My other responsibilities at JAARS remain. Bible translation goes on around the world, and requires our service. Two of our pilots from Papua new Guinea are at Spokane Turbine Center getting their Kodiak initial training. After a short week here, I will head up to Spokane with one of our fresh Kodiak instructors, Mark Wuerffel, and together we will finish the training of our pilots from PNG before they return to the field. Not only will we be finishing their training, but I will be using the process to polish Mark as a Kodiak instructor. That week will be followed by a week’s missions conference at our church here in Charlotte, and in early March I may be heading back to Haiti for a longer stint. Our next Kodiak is scheduled to be picked up at the factory the end of March.

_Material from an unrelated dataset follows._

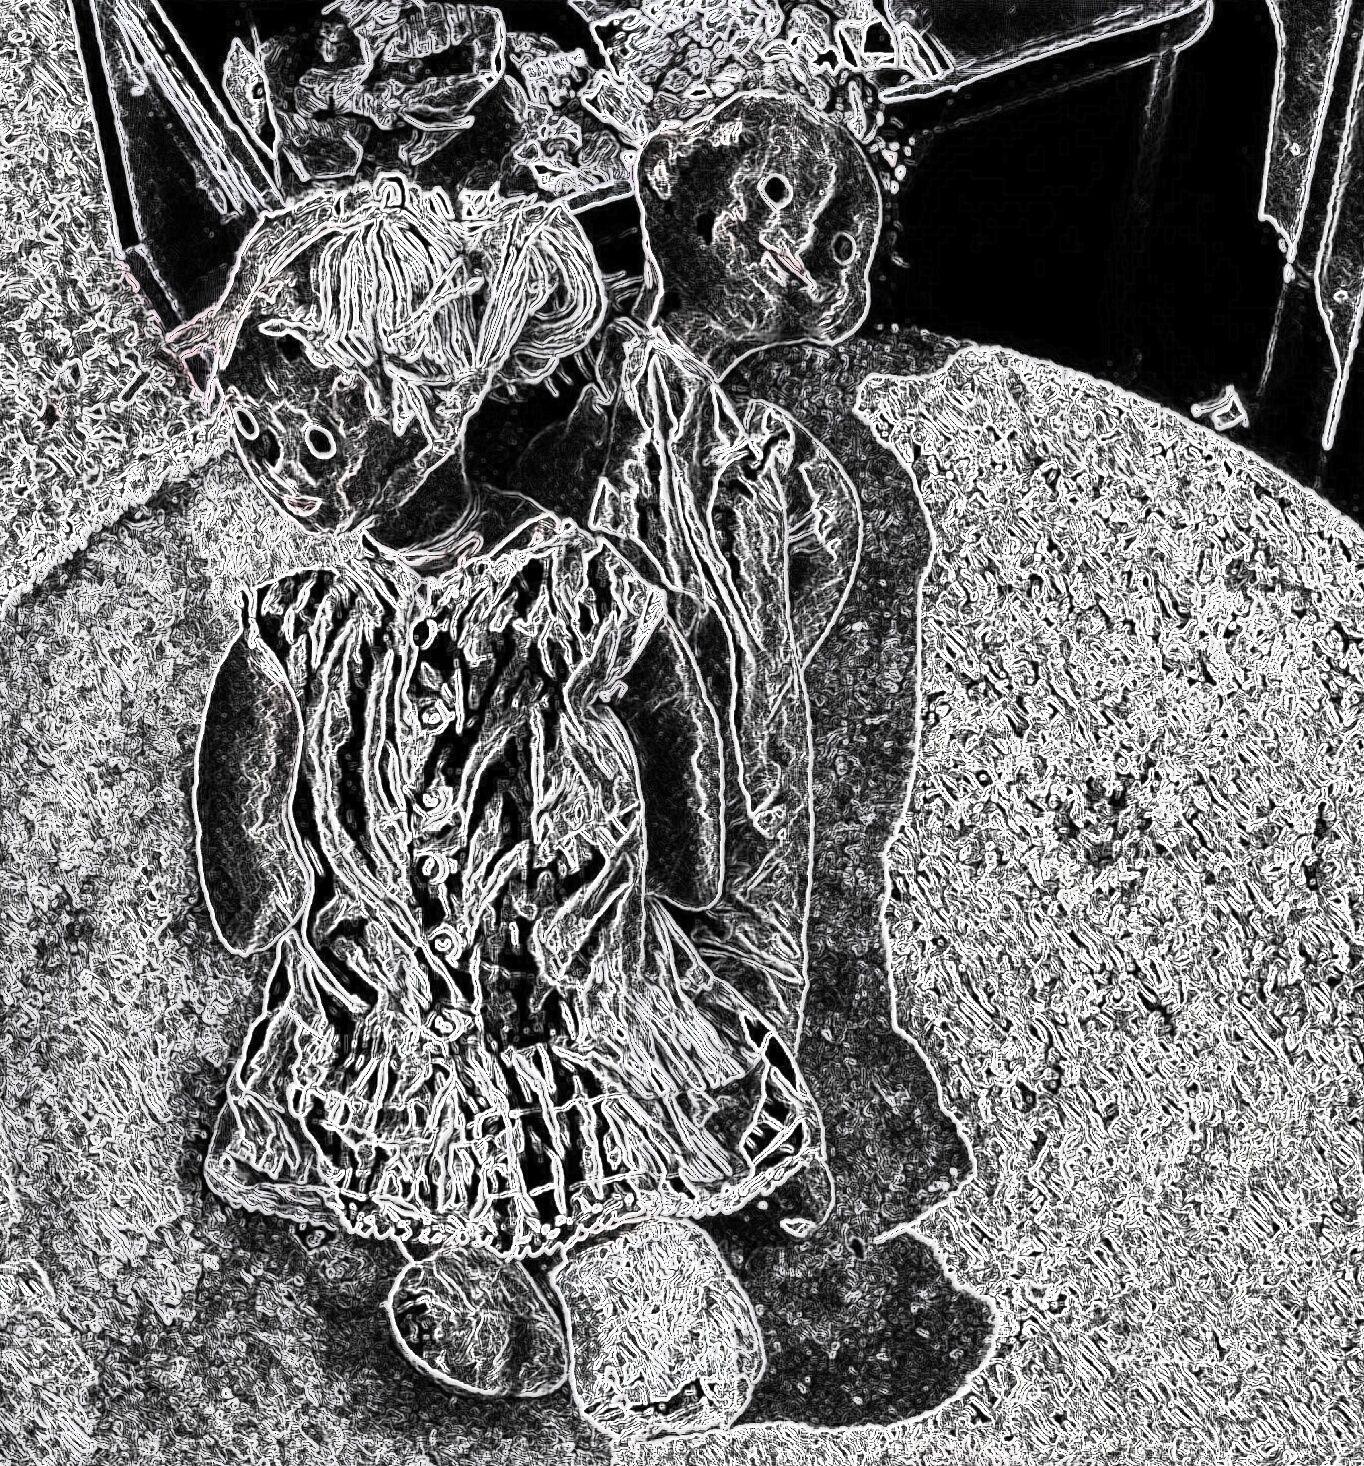 PaperCamera2019-10-10-22-04-02.jpg

This spring and summer suddenly got very complicated, but like I’ve said, the quake in Haiti wasn’t on anyone’s schedule.

Pray for the team there as they work to meet the overwhelming needs. Pray for good communication, extra measures of grace, and wisdom in evaluating the need. Pray for safety, good health and mechanical reliability of the equipment. Pray for workers and resources to continue coming. Pray for the people of Haiti as the medical needs change to disease control and treatment and as Port Au Prince’s squalor worsens and peoples’ living situation improves little. Pray for God to be manifestly glorified by what seems to be an impossible situation.

Thank you for your prayers to date.


MAF has served in Haiti for decades, and their hangar and the surrounding turf hosts the hub for processing and forwarding the material arriving from Ft. Pierce.  Their office is a finished (and air conditioned) shipping container.


Every day began with a quick meeting with a short meditation followed by announcements and flight schedule information.


The aircraft from the US arrived continually, bringing tons of food and medical supplies to be carried out to the surrounding towns and villages by the two Kodiaks and the other smaller MAF Cessnas.